Wedbush Securities acted as financial advisor to Smith & Wesson in the transaction.
About Smith & Wesson
Smith & Wesson Holding Corporation (NASDAQ Global Select: SWHC) is a U.S.-based leader in firearm manufacturing and design, delivering a broad portfolio of quality firearms, related products, and training to the global military, law enforcement, and consumer markets. The company's brands include Smith & Wesson®, M&P® and Thompson/Center Arms™. Smith & Wesson facilities are located in Massachusetts and Maine.
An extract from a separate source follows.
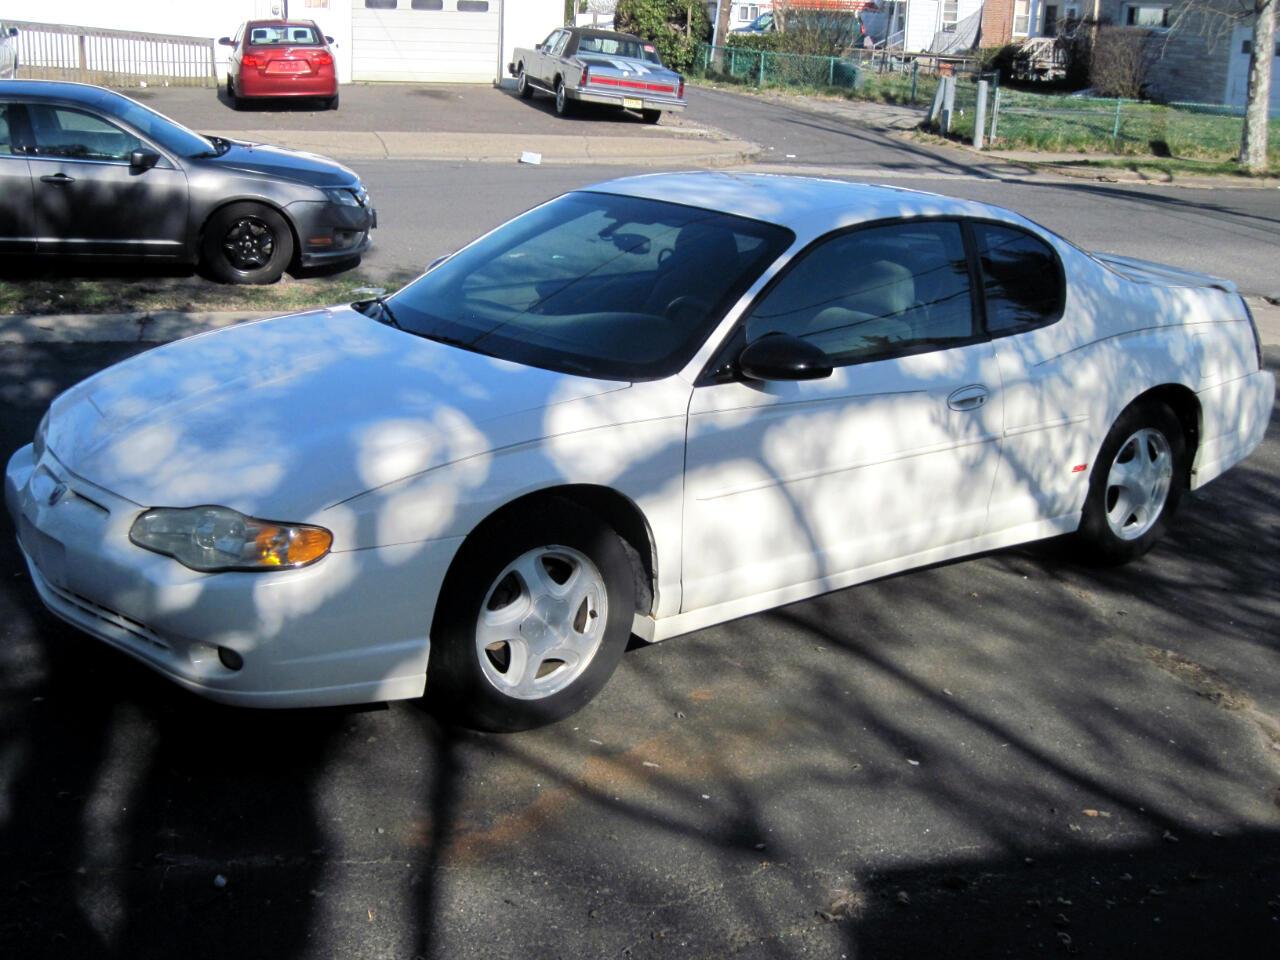 2004 Chevrolet Monte Carlo 2dr Cpe SS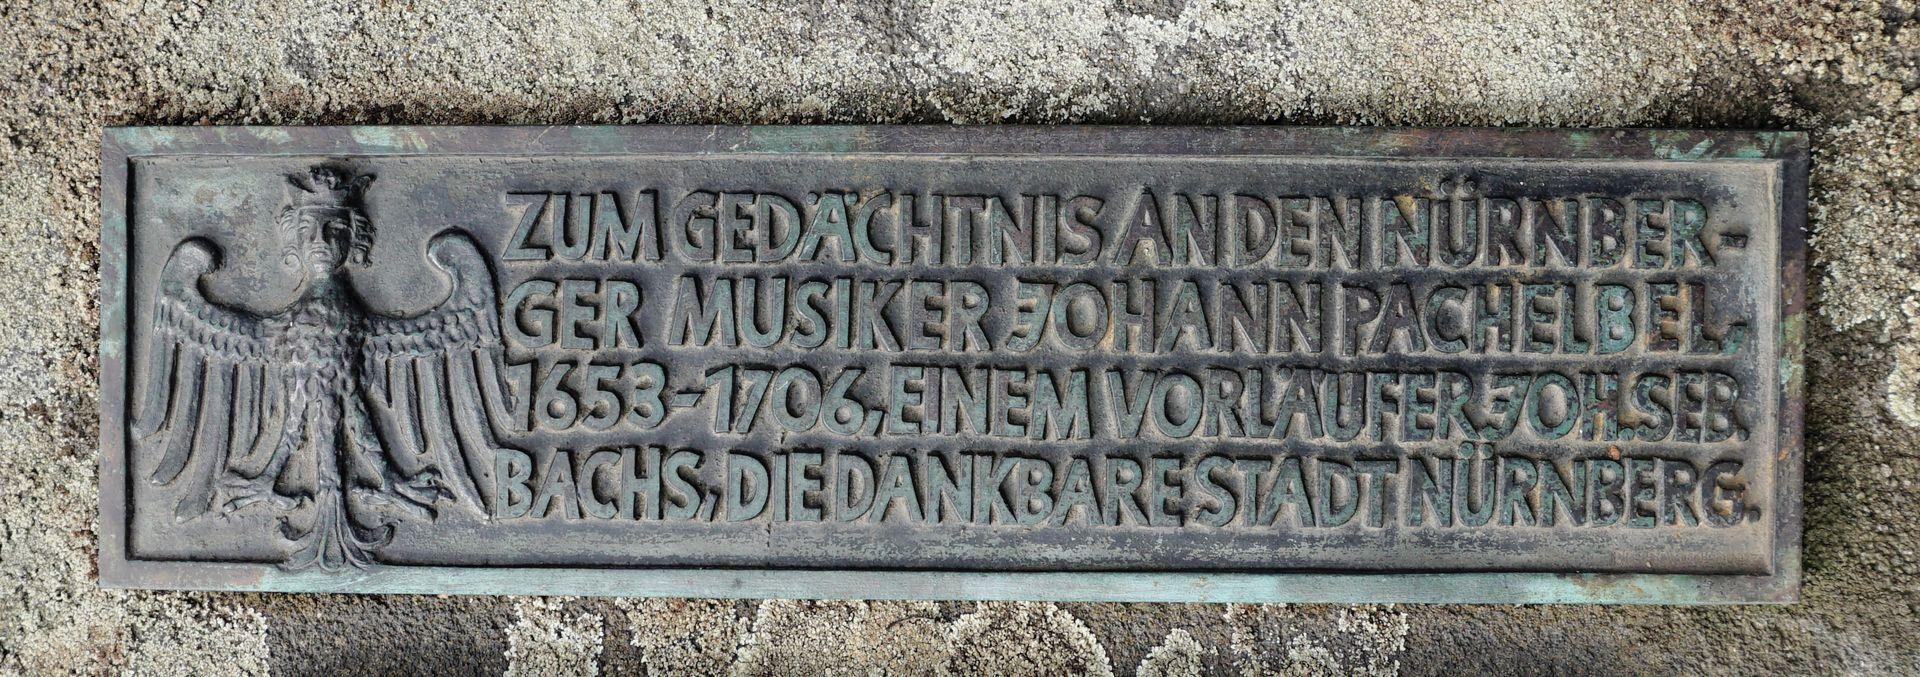 Johann Pachelbel Grabstätte Erinnerungstafel

For more information on Smith & Wesson, call (800) 331-0852 or log on to www.smith-wesson.com.
Safe Harbor Statement
This press release contains forward-looking statements within the meaning of Section 21E of the Securities Exchange Act of 1934, which provides a "safe harbor" for such statements in certain circumstances. The forward-looking statements include statements or expectations regarding our belief that this acquisition supports our strategic focus on our M&P firearm business; that the acquisition of this capability will increase our flexibility, lower our production costs, reduce risk within our supply chain, and enhance our new product development process; and that this acquisition will be accretive to current fiscal year gross margins and earnings and add a state-of-the-art operation. These statements are based on our current expectations, estimates, projections, beliefs, and assumptions. Such statements involve significant risks and uncertainties. Actual events or results could differ materially from those discussed in the forward-looking statements as a result of various factors, including, but not limited to, difficulties in integration of the acquired assets; loss of key personnel; loss of other customers; and other factors discussed in greater detail in our filings with the Securities and Exchange Commission (SEC), including our Report on Form 10-K, for the year ended April 30, 2013. You are cautioned not to place undue reliance on such statements and to consult our SEC filings for additional risks and uncertainties that may apply to our business and the ownership of our securities. Our forward-looking statements are presented as of the date made, and we disclaim any duty to update such statements unless required by law to do so.